Looking Good Tiger he has gotten much slimmer .. Keep on it you should have a well conditioned bully in no time!


----------



## angelbaby (Feb 4, 2010)

he looks really good , love the one where he tryna sneak an extra bite outta the bag lol


----------



## Mach0 (Mar 28, 2010)

Sadie said:


> Looking Good Tiger he has gotten much slimmer .. Keep on it you should have a well conditioned bully in no time!

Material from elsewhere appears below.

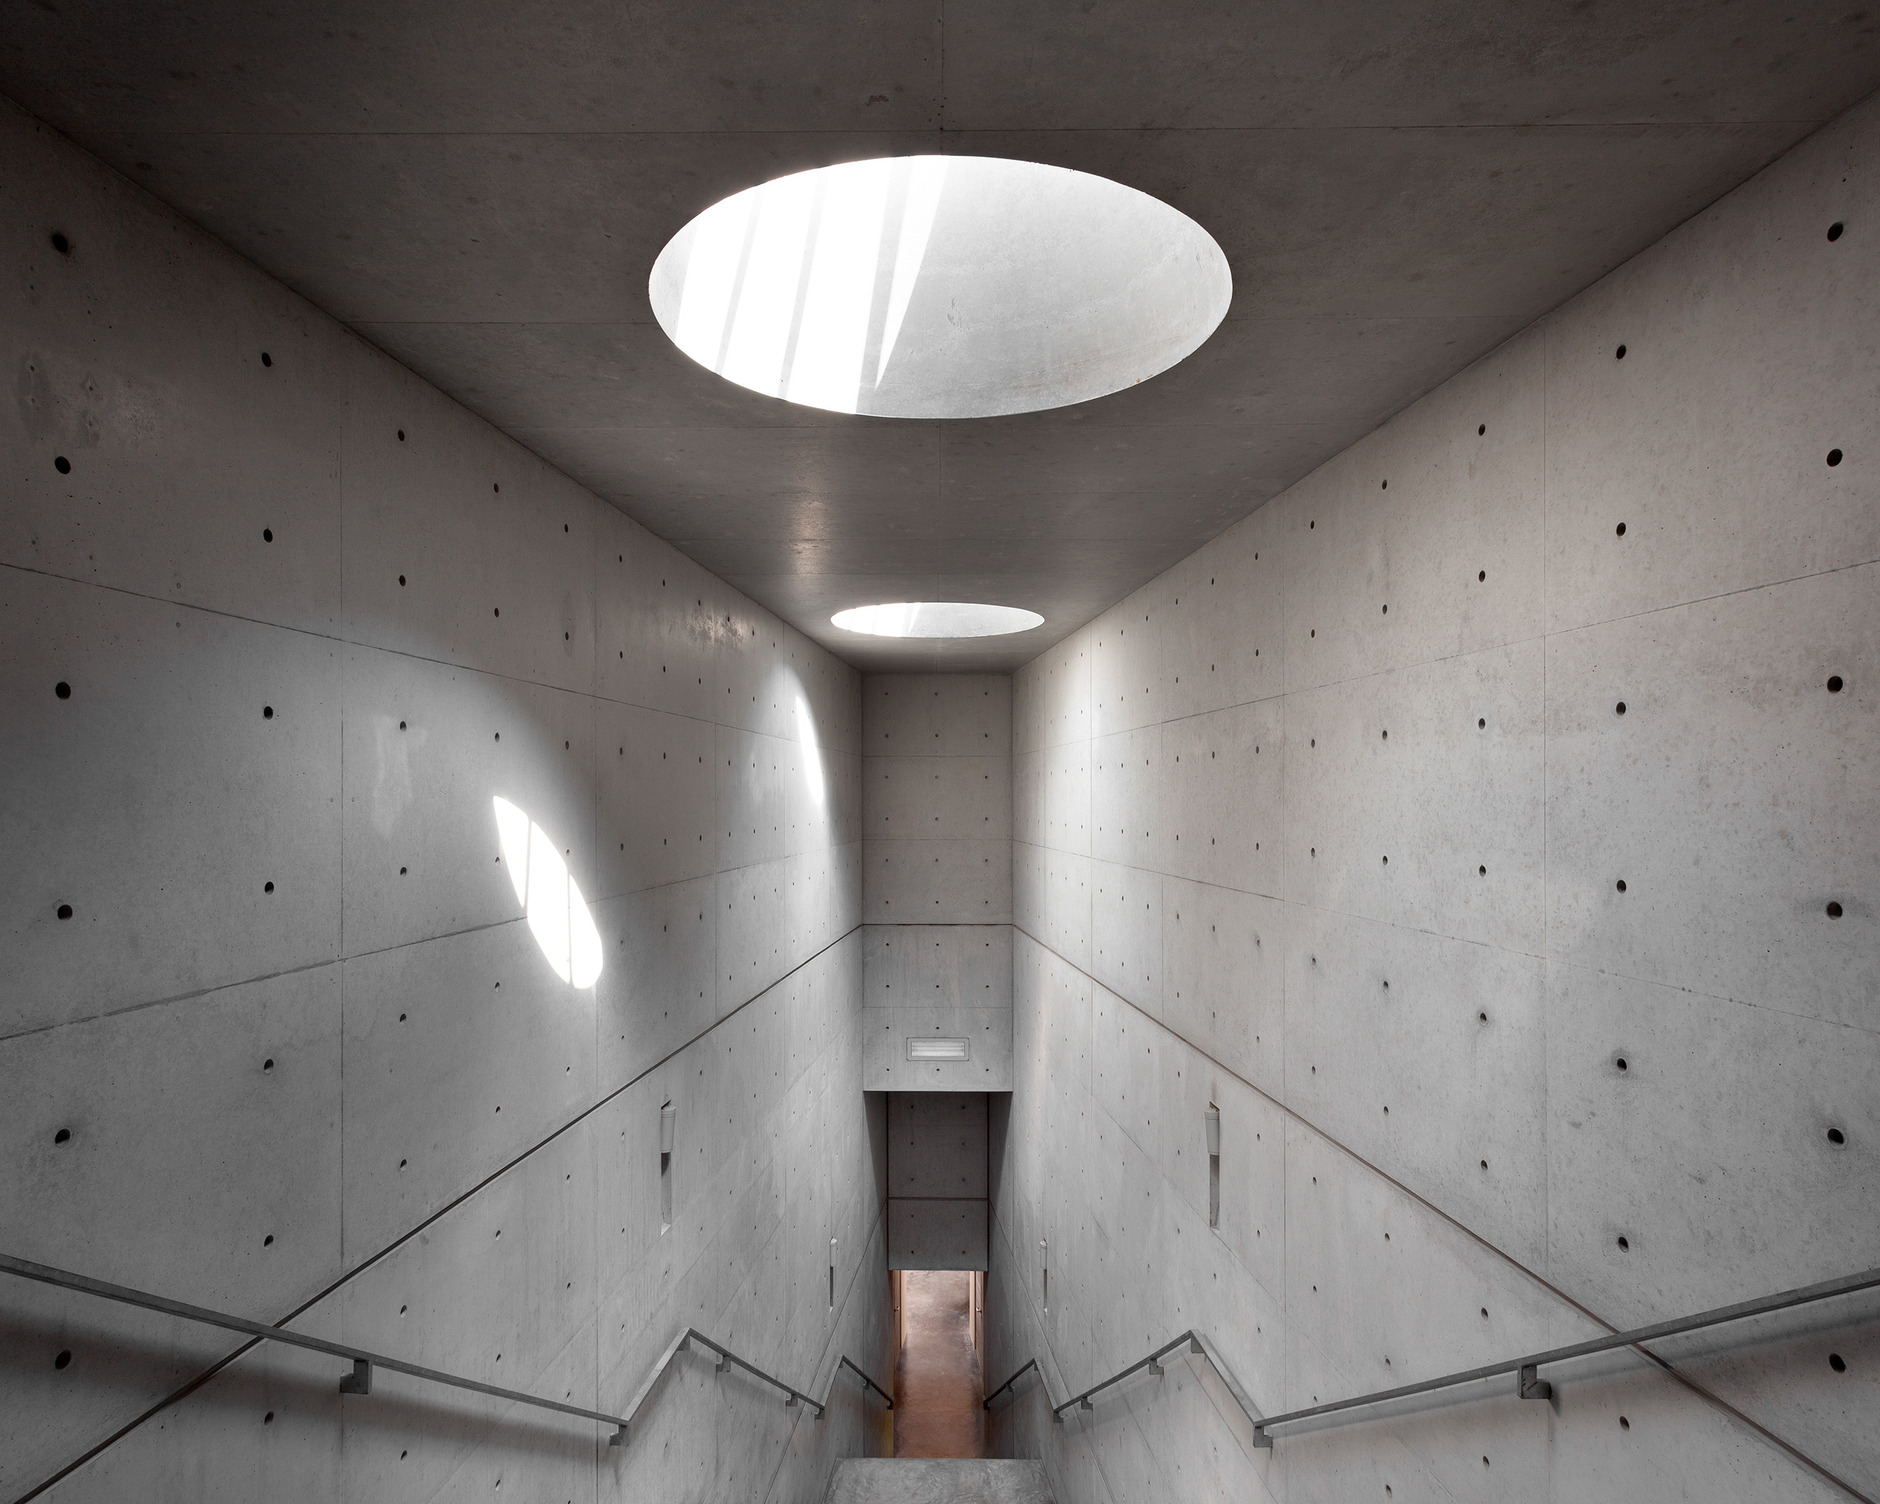 Архитектор Тадао Андо: певец бетона (галерея 15, фото 4)

Thank you- right now I'm more on just some building muscle tone. if i go slimmer- he might look sick lol. So I'm going to keep him at this 58-60 lbs. Thank you Georgia. I don't want a fat bully. 
I've been learning alot with him. So it can only get Better.



angelbaby said:


> he looks really good , love the one where he tryna sneak an extra bite outta the bag lol


Thank you 
He's a savage with food lol.


----------



## davidfitness83 (Jul 7, 2009)

Mad props wow !


----------



## Mach0 (Mar 28, 2010)

davidfitness83 said:


> Mad props wow !


Thank you man-
You gotta see how high he can jump now lol


----------



## Rudy4747 (Nov 29, 2009)

He looks good but I think he is trying to cheat on his diet.LOL


----------



## Mach0 (Mar 28, 2010)

Rudy4747 said:


> He looks good but I think he is trying to cheat on his diet.LOL


Haha always trying to cheat 
He's greedy


----------



## DueceAddicTed (Sep 28, 2009)

I think 58/60 is good for him , he looks good and you did a great job ... thanks for sharing

[email protected] cheating on his diet tho


----------



## Mach0 (Mar 28, 2010)

DueceAddicTed said:


> I think 58/60 is good for him , he looks good and you did a great job ... thanks for sharing
> 
> [email protected] cheating on his diet tho


Thank you 
He does try to eat everything tho lol
It's funny because he looks so much leaner than before but still weighs A good amount


----------



## MY MIKADO (Apr 7, 2006)

He is looking good. Muscle weighs more than fat. I know that once I got Vendetta conditioned the way i wanted her she is now 51# and before she was 47#. 

Keep up the good work he is a handsome boy. Kudos on a job well done


----------



## Mach0 (Mar 28, 2010)

MY MIKADO said:


> He is looking good. Muscle weighs more than fat. I know that once I got Vendetta conditioned the way i wanted her she is now 51# and before she was 47#.
> 
> Keep up the good work he is a handsome boy. Kudos on a job well done


Thank you 
Btw vendetta is quite a looker


----------



## 00 S/C Lightning (Apr 7, 2010)

You definitely made a huge impact on the outcome. Keep up the good work


----------



## Mach0 (Mar 28, 2010)

00 S/C Lightning said:


> You definitely made a huge impact on the outcome. Keep up the good work


Thank you
Hopefully we can start seeing more fit bullies


----------